Consequently, the location of the arcuate slots 60,62,64 relative to the
TDC and BDC positions may be varied. The adjusting mechanism 75 includes a
cylinder arrangement 76 and an arm 78 extending from the port plate 26 and
connected to the cylinder arrangement. Extension or retraction of the
cylinder arrangement 76 results in the port plate 26 being rotated in one
direction or the other. The adjusting mechanism 75 of the subject
embodiment illustrates that the port plate 26 is movable approximately
thirty degrees in either direction. It is to be recognized that the port
plate 26 may be movable to a greater degree. The adjusting mechanism
illustrated herein is for illustrative purposes only. Other types of
adjusting mechanisms 75 may be used. For example, the port plate 26 could
have teeth around its circumference and a worm gear could be in mesh with
the teeth. Rotation of the worm gear by any suitable means would result in
rotation of the port plate 26. This would provide unlimited amounts of
port plate rotation.
Referring to FIG. 6, the port plate 26 is illustrated on top of the barrel
40 in order to better show the relationship of the arcuate slots 60,62,64
and the respective cylinder ports 46. The outline of the cylinder ports 46
is shown in heavy, bold lines in order to better distinguish the cylinder
ports 46 from the arcuate slots 60,62,64.
As clearly illustrated by the drawing of FIG. 6, as the barrel 40 rotates
in the clockwise direction, the leading edge 50 of the cylinder port 46
aligns with the leading edge 66 of the respective arcuate slots 60,62,64.

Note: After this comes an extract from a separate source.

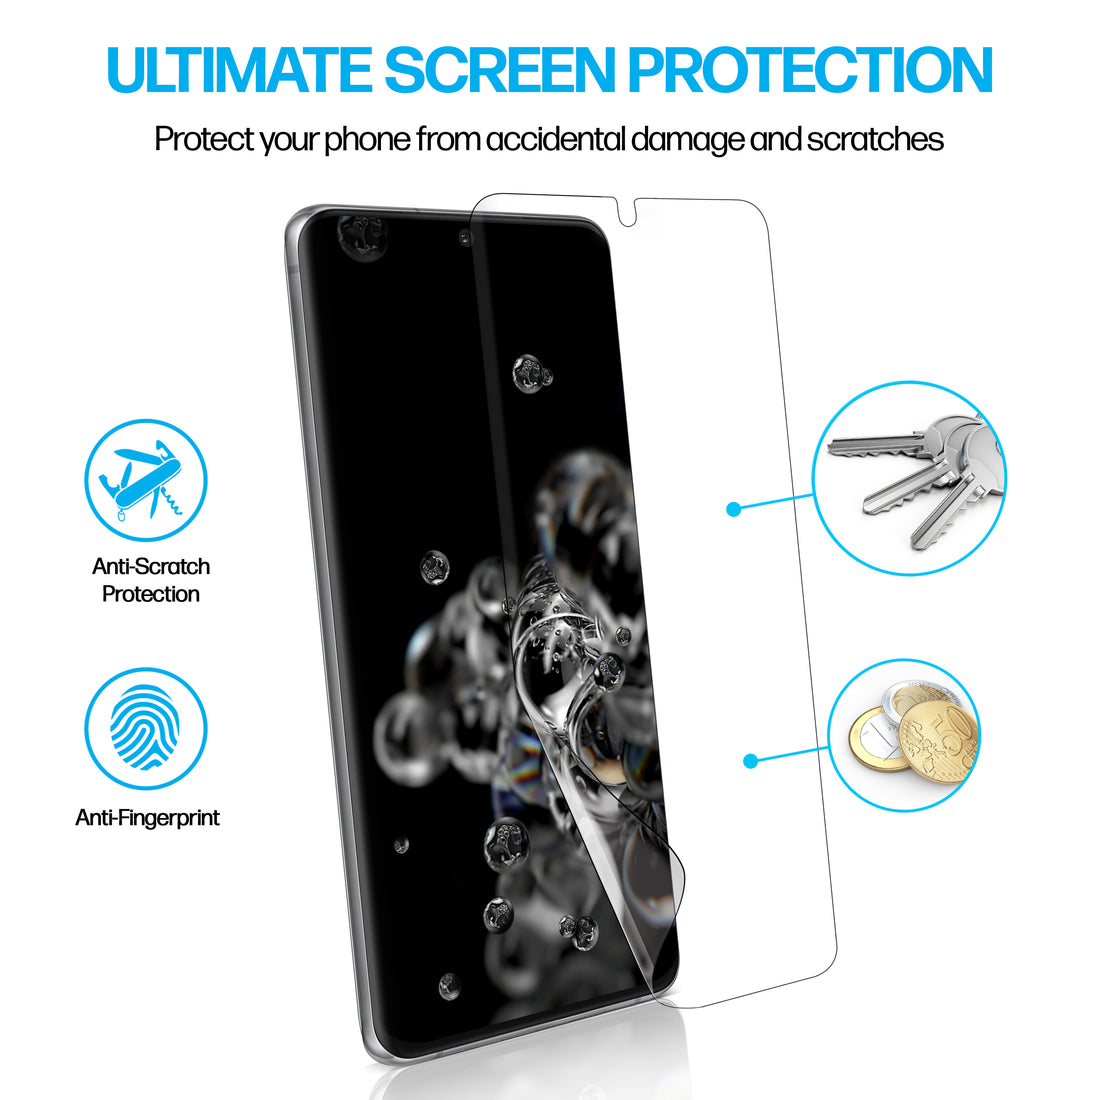 Samsung Galaxy S20 Ultra TPU Anti-Scratch Screen Protector Film [2

The subsequent movement of the barrel 40 results in the cylinder port 46
opening into the associated arcuate slot 60/62/64. The initial area of the
opening is large and for every increment of barrel rotation, the area of
opening increases at a rapid rate. Likewise, as the trailing edge 52 of
the cylinder port 46 approaches the trailing edge 68 of the associated
arcuate slot 60/62/64, the area of the opening remains large and is
quickly reduced to zero or to a fully closed off condition. As also
clearly indicated by the drawing of FIG. 4, the circumferential length of
the respective cylinder ports 46 is less than the circumferential space
between adjacent slots 60,62,64. Consequently, at a given position of the
barrel 40 relative to the port plate 26, the flow from the associated
cylinder port 46 is totally blocked by the space between the adjacent ones
of the arcuate slots 60,62,64.
Referring to FIG. 7, an alternate embodiment of the subject invention is
illustrated. Like elements have like element numbers. Modified elements
are indicated by the same element number with a prime (') attached to the
element number. In the subject embodiment, the cylinder ports 46' are
substantially round in shape. It is recognized that the shape could be
oblong or the arcuate halves of the circle could be spaced from one
another along the predetermined circumference. With the respective
cylinder ports 46' being circular in shape, the first and second spaced
apart circumferential sides 54,56 are the point of intersection of the
arcuate halves of the circle.
The leading edge 66' of the arcuate slots 60',62',64' has a convex, arcuate
shape. Likewise, the trailing edge 68' has a convex, arcuate shape. The
shape and orientation of the convex, arcuate shape of the leading and
trailing edges 66',68' is the same shape as the shape and orientation of
the leading and trailing edges 50',52'. The circumferential length of the
respective cylinder ports 46' is shorter than the circumferential length
of the space between adjacent ones of the arcuate slots 60',62',64'.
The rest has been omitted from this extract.